2 :以下、名無しにかわりましてVIPがお送りします:2008/10/26(日) 23:42:26.47 ID:rvAZxcbQ0

 − 第一章 春と私と白い夢 −

 〜 第一話 〜


春は3月、桜の頃。私は1人都会の街へ引っ越しました。
大学へ通うために、親元を離れての1人暮らしです。

もともと、1人っ子で鍵っ子だった私は、初めての1人暮らしへの不安などはありませんでした。
もっとも、それは生育環境のせいだけというわけではなく、生来の性格も影響しているのかもしれませんが。

(゚、゚トソン 「ここ……でしたよね?」

都会と言っても比較論の話です。
私が住んでいた田園風景の広がる町よりは、という意味での都会、地方の1都市。
さほど大きくもない駅に降り立ち、1時間に1本よりは多い本数のバスに乗って、
私はこれから暮らしていくマンションの前にたどり着きました。

(゚、゚トソン 「……」

ここには1度、マンション探しの時に訪れていますが、こうやって改めて1人で見ると、なんとも──

(゚、゚トソン 「古めかしい建物ですよね……」


3 :以下、名無しにかわりましてVIPがお送りします:2008/10/26(日) 23:43:20.73 ID:rvAZxcbQ0

名称こそ、“マンション・ホワイトVIP”と謳われているものの、
果たしてここを、マンションと呼んでいいものやら。

(゚、゚トソン 「おっと、いけない。確か1階の喫茶店が管理人さんのお店でしたね」

さすがにこういった発言を聞かれるのはよろしくないでしょう。
気を悪くした管理人さんに難癖を付けられたり、最悪、マンションを追い出されたりしてはたまったものではありません。
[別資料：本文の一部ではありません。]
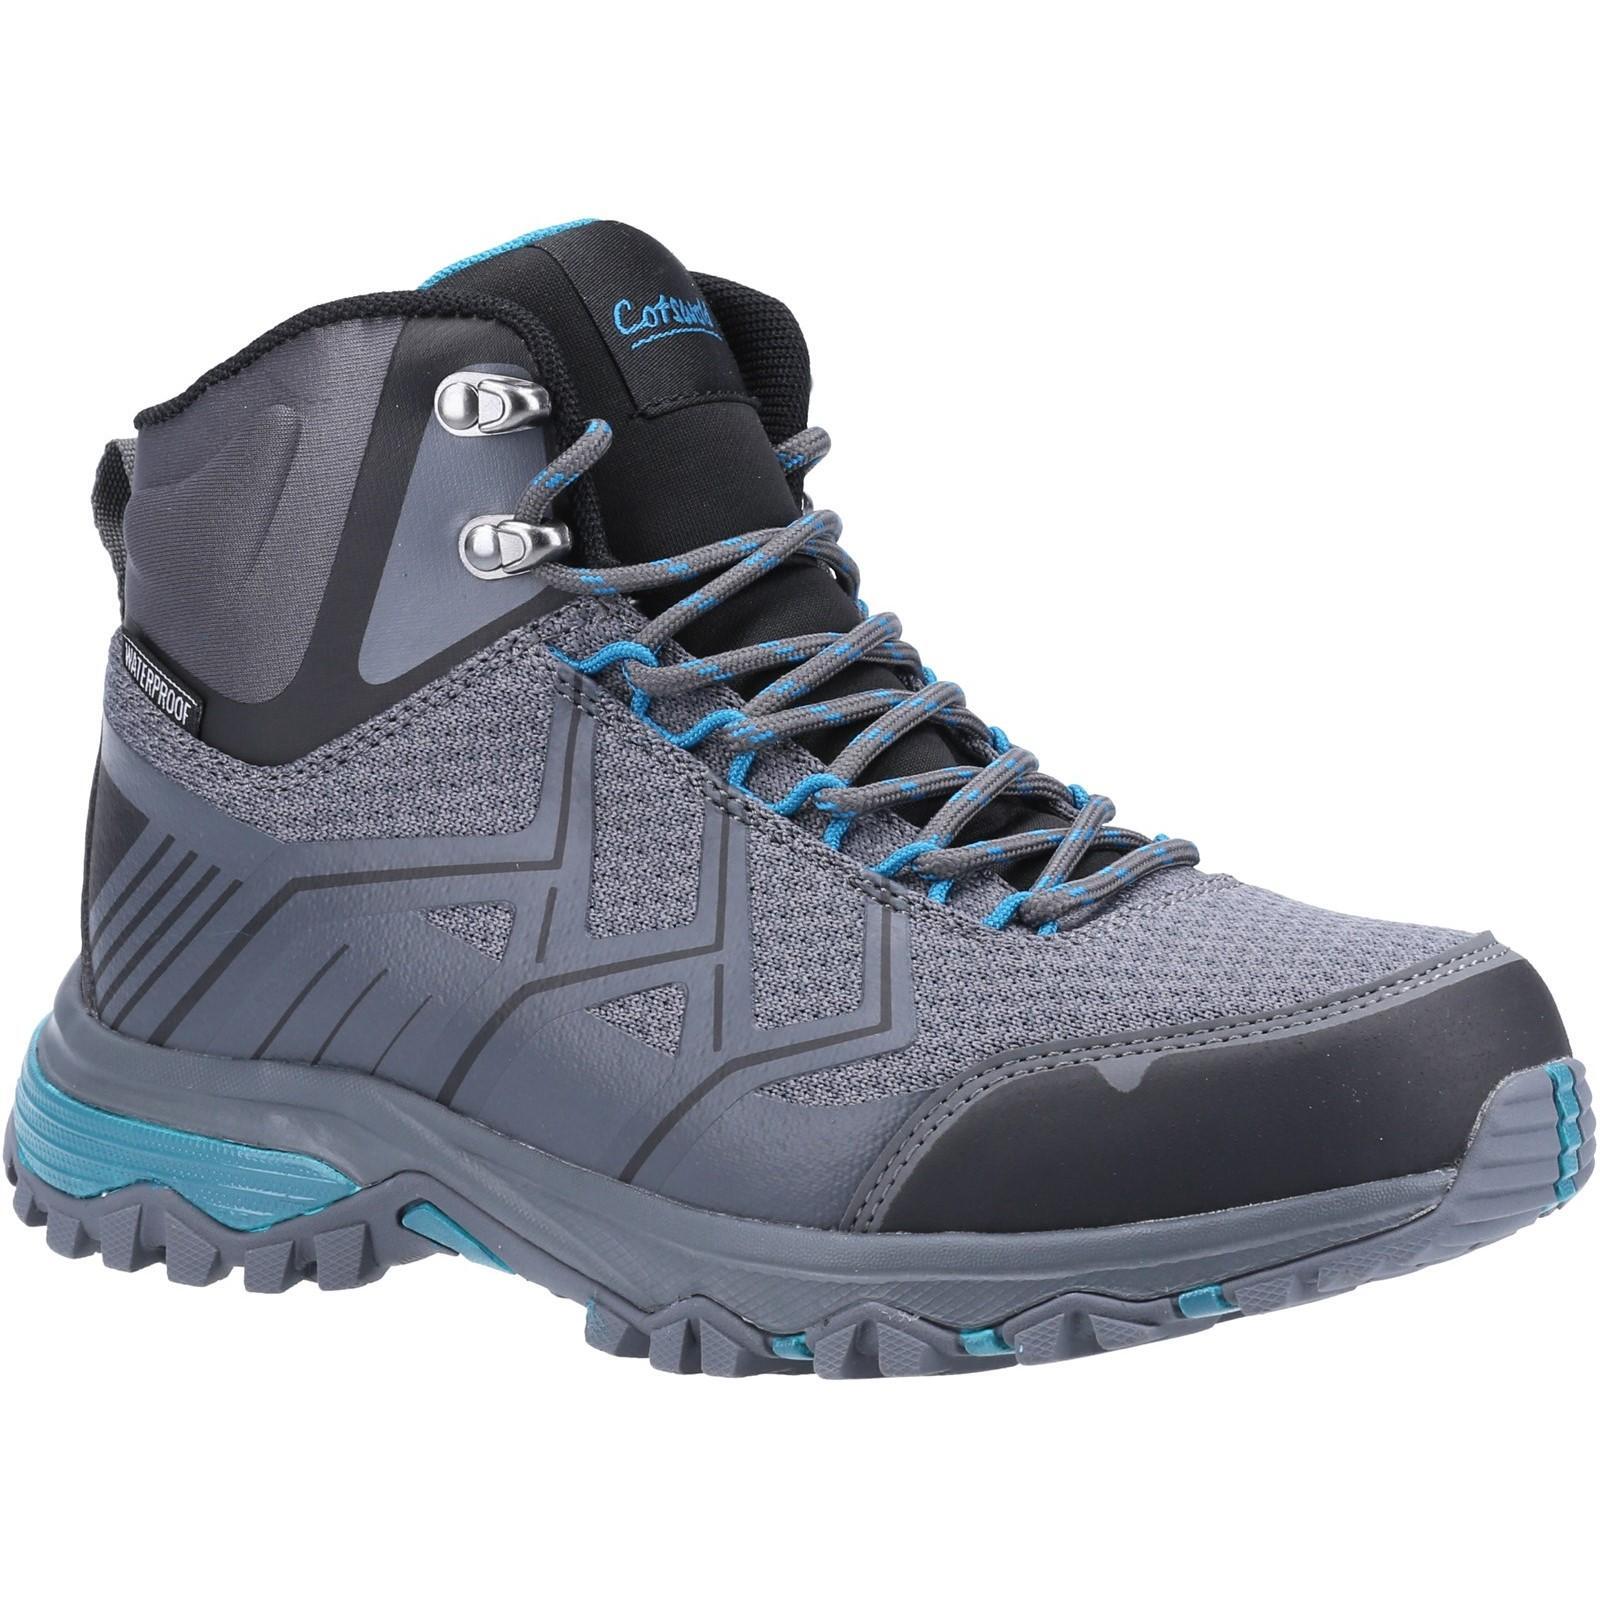 COTSWOLD Womens/Ladies Wychwood Hiking Boots (Grey/Blue)

ここは1つ、趣き深いと建物とでも言い直しておくべきでしょうか。

階段を昇り3階へ。昇ってすぐの1号室がこれから私が暮らす部屋です。
思ったよりも見晴らしは悪くなく、薫る様な春の風も、わずかながら感じられます。

(゚、゚;トソン 「……しかし、3階というのは意外ときついものですね」

予め荷物は送ってありましたので、身の回りのものだけをボストンバッグに詰め込んだ身軽な身でしたが、
それでも、慣れぬ長旅に私の身体は少なからず悲鳴を上げていました。

それでなくても、自他共に認める運動音痴です。体力には全くもって自信がありません。
これから毎日3階分の階段を昇り降りしなければならないと思うと少し憂鬱になります。
大人しく1階の部屋を探すべきだったかもしれません。


4 :以下、名無しにかわりましてVIPがお送りします:2008/10/26(日) 23:45:01.89 ID:rvAZxcbQ0

(゚、゚トソン 「とは言え、防犯の点からも、なるべく1階は避けたいですからねぇ……」

一応、うら若き乙女の1人暮らしということになるのですからね。
このマンションに、エレベーターなる洒落た物でもあれば何のことはない話だったのですが。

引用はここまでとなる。